Pressman believes that investors should stick with the asset class. “From the 1990s, real estate was trading at a 200 basis point spread over treasury bonds,” he notes. “From 2000 to 2007 we saw unprecedented yield compression in the real estate markets. But if you are a long-term investor and invested at the top of the market, the situation is not necessarily any different to holding a bond during a period of time until that matures.
“Liquidity will eventually return and the real estate markets will rebound but we
don’t expect the markets necessarily to go back to the incredible liquidity levels which we experienced in the 2004-07 period,” he adds. “As liquidity returns there will be a great real estate investment opportunity as we emerge from a period of tremendous supply constraint with overall good financing. Of course the unknown factor is how difficult the economies around the world will be.”
As for the timing of a recovery, amid generally sobering predictions, Pressman is cautious. “By mid-2009 we should start to see some recovery as the impact of the monetary policy actions in the US is felt,” he says. “There will be very slow growth in markets like the US and some of the more established European markets,” he says. “There is no reason to think the central European markets will see a dramatic downturn, and Asia looks fairly robust. By 2010 we will see a modest recovery in the US, and Western Europe will follow suit - indeed most markets around the world will either be in recovery or solid growth mode. We think that investors will become more active again in 2010.”
Inflation has moved to the fore as a major concern that might prolong the downturn.
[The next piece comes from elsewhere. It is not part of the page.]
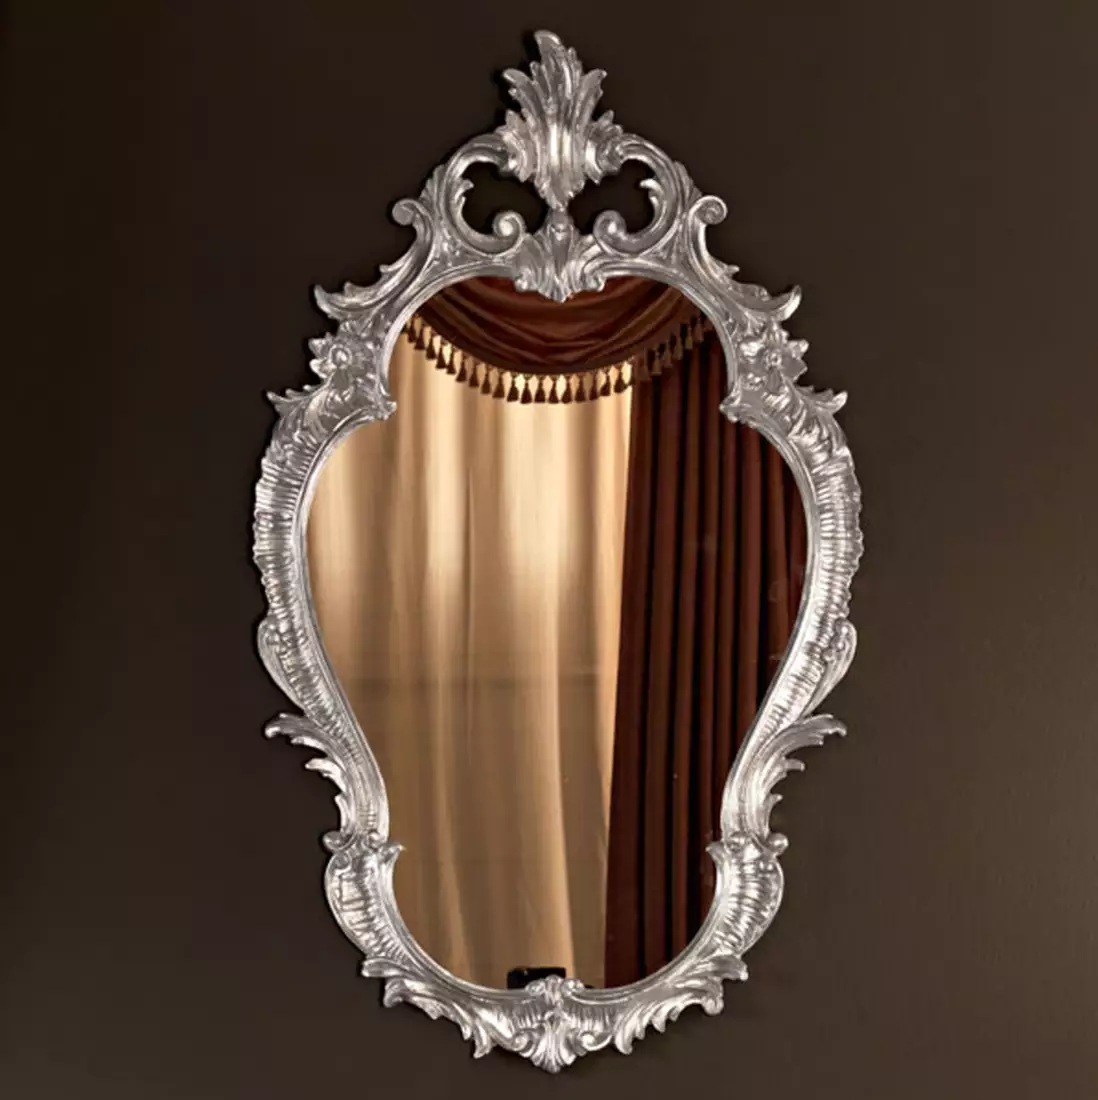 Silver-leaf-console-hardwood-furniture-Villa-Venezia-collection-Modenese-Gastonehtgf
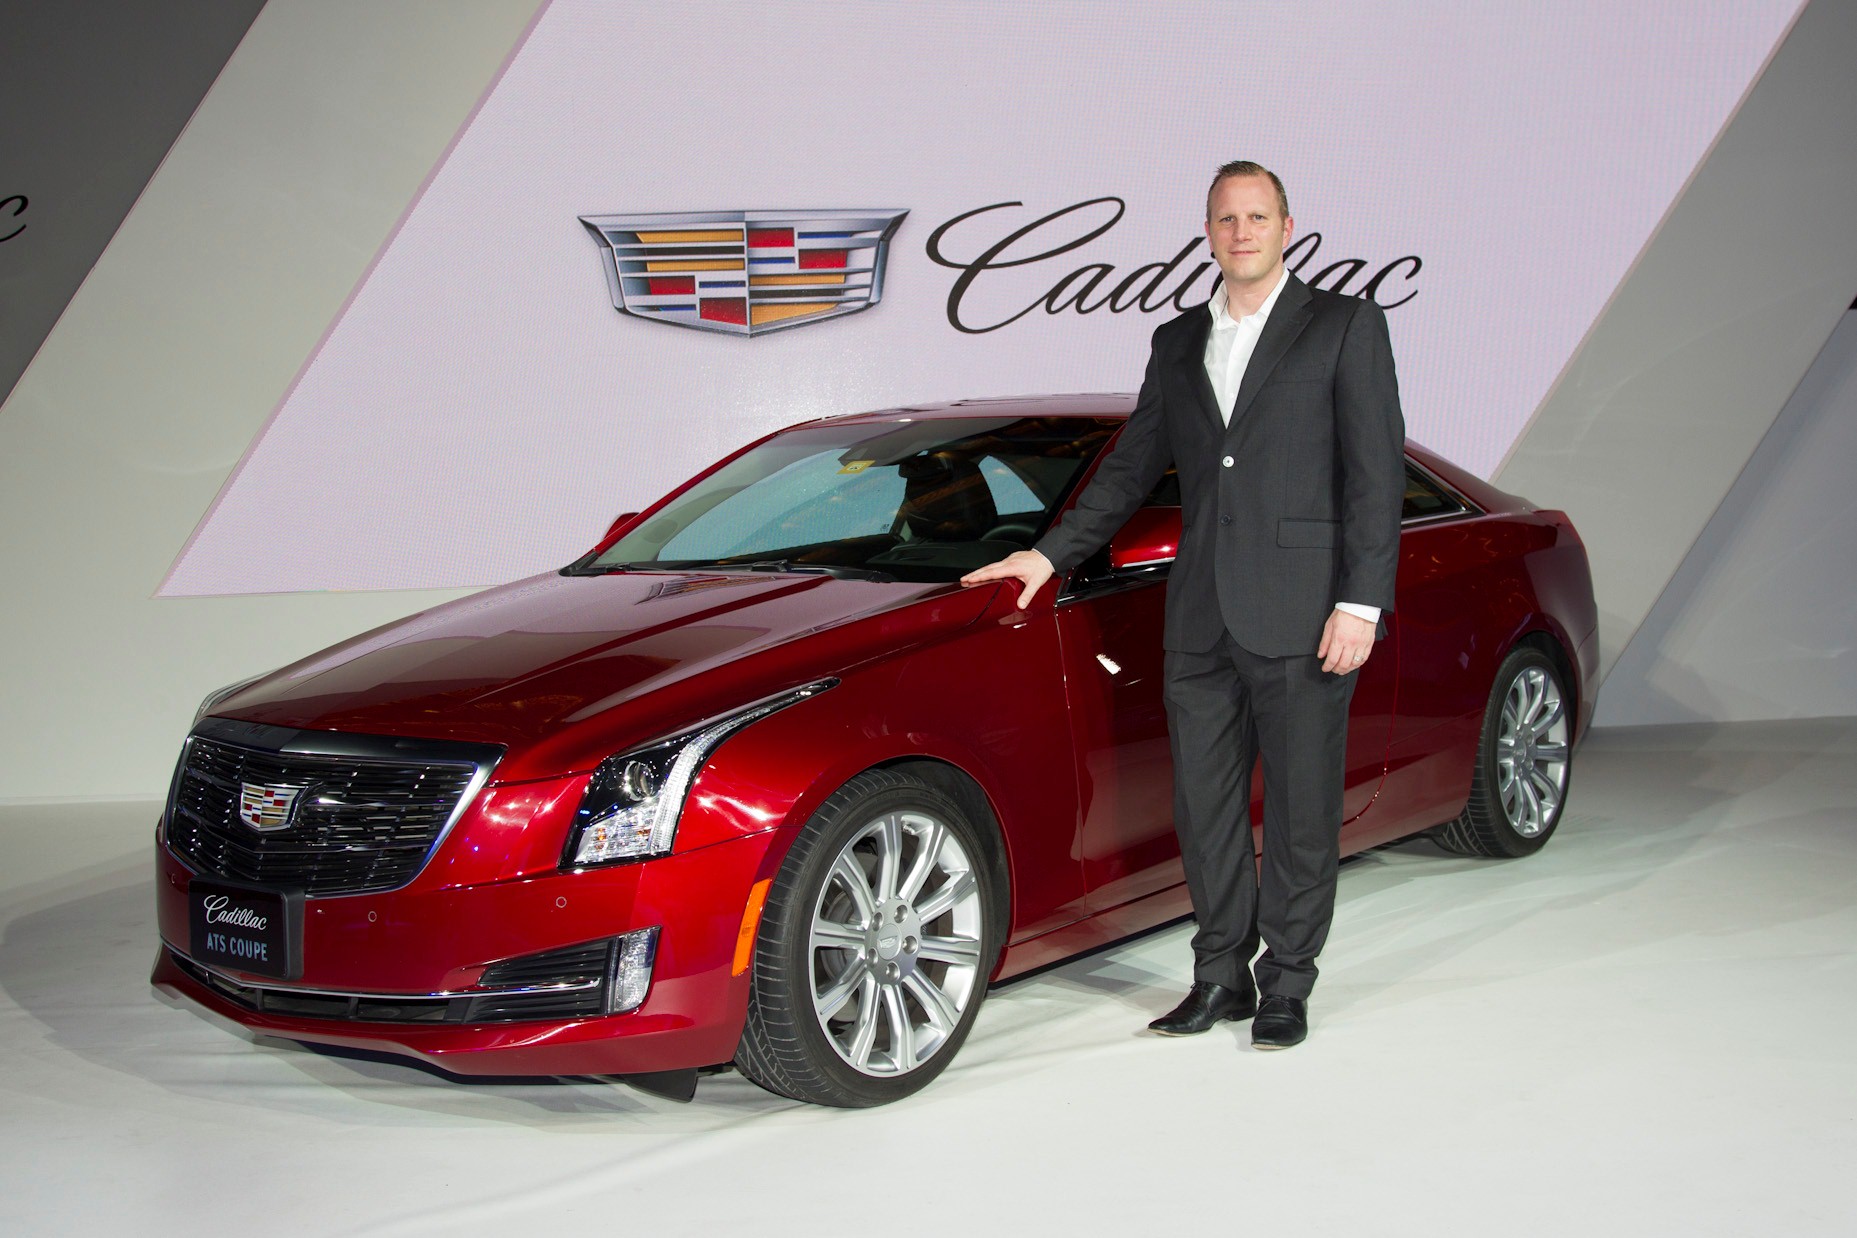 صور ومواصفات واسعار كاديلاك كوبيه Felix-with-2015-Cadillac-ATS-Coupe.jpg

Pressman considers the facts. “If you look at the overall rate of inflation in the US market you will see three major inflationary pressures - wages, housing costs and everything else,” he says. “Wages exert no inflationary pressure in the US. Rental rates are the proxy for housing inflation, and there is no inflationary pressure there. The only inflationary pressure is in fuel and food prices, which are not the heavyweights of inflation; wage and housing costs are much more heavily weighted in terms of inflationary pressure than fuel costs, which do appear severe as far as the average consumer is concerned.
“So the actual inflation pressure in the US is viewed to be relatively modest right now, despite what you see in the press.” By way of summing up, Pressman offers a guardedly optimistic view. “Overall, we’re playing through with our customers in a tough market environment. We are working with them to support strategically important transactions, ones that really meet their long-term needs,” he maintains.
Update: Last month, GE Real Estate announced that Mark Hutchinson, who had headed Asia-Pacific operations, will become president of the newly created GE Real Estate International. In this role, Hutchinson, who was unable to attend IPE Real Estate’s interview session, has responsibility for Europe and Asia, reporting to Pressman.
Mike Rowan, the UK leader, has moved to the US to run GE Real Estate’s Americas’ Equity group.